Sample model predictions

Input Image	Prediction
	kitchenaid artisann stand mixer
	a bottle of milk sitting on a counter
	dove sensitive skin lotion
	bread bag with blue plastic handl
	bush ' s best white beans

How to use the model:

Click to expand

import requests
from PIL import Image
from transformers import BlipProcessor, BlipForConditionalGeneration

processor = BlipProcessor.from_pretrained("quadranttechnologies/qhub-blip-image-captioning-finetuned")
model = BlipForConditionalGeneration.from_pretrained("quadranttechnologies/qhub-blip-image-captioning-finetuned")

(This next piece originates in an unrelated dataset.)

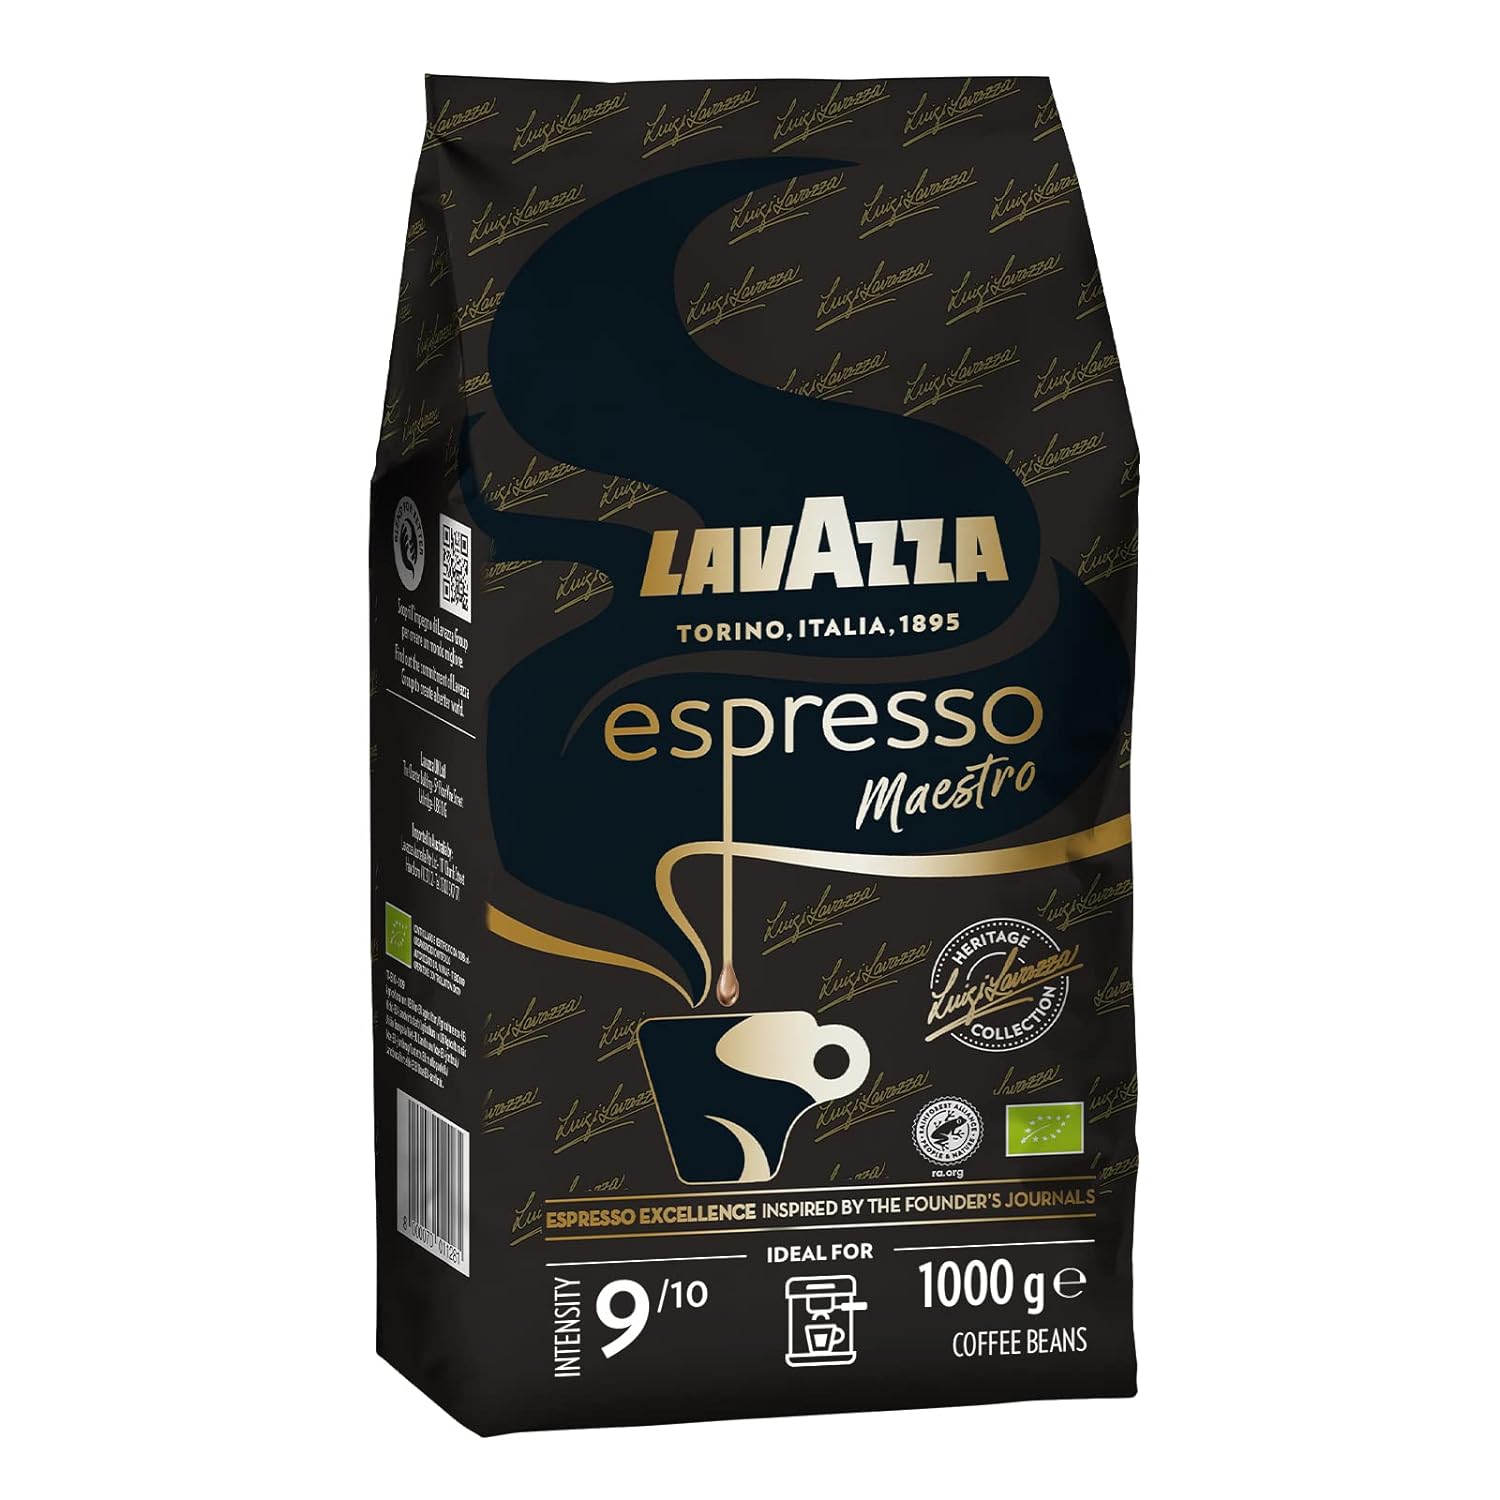 Lavazza, espresso maestro, coffee beans for espresso machines, balanced & aromatic fruit and flower taste, intensity 9/10, 100 % organic Arabica & Robusta, slow & gentle roasting, 1 kg

img_url = 'https://storage.googleapis.com/sfr-vision-language-research/BLIP/demo.jpg' 
raw_image = Image.open(requests.get(img_url, stream=True).raw).convert('RGB')

# conditional image captioning
text = "a photography of"
inputs = processor(raw_image, text, return_tensors="pt")

out = model.generate(**inputs)
print(processor.decode(out[0], skip_special_tokens=True))

# unconditional image captioning
inputs = processor(raw_image, return_tensors="pt")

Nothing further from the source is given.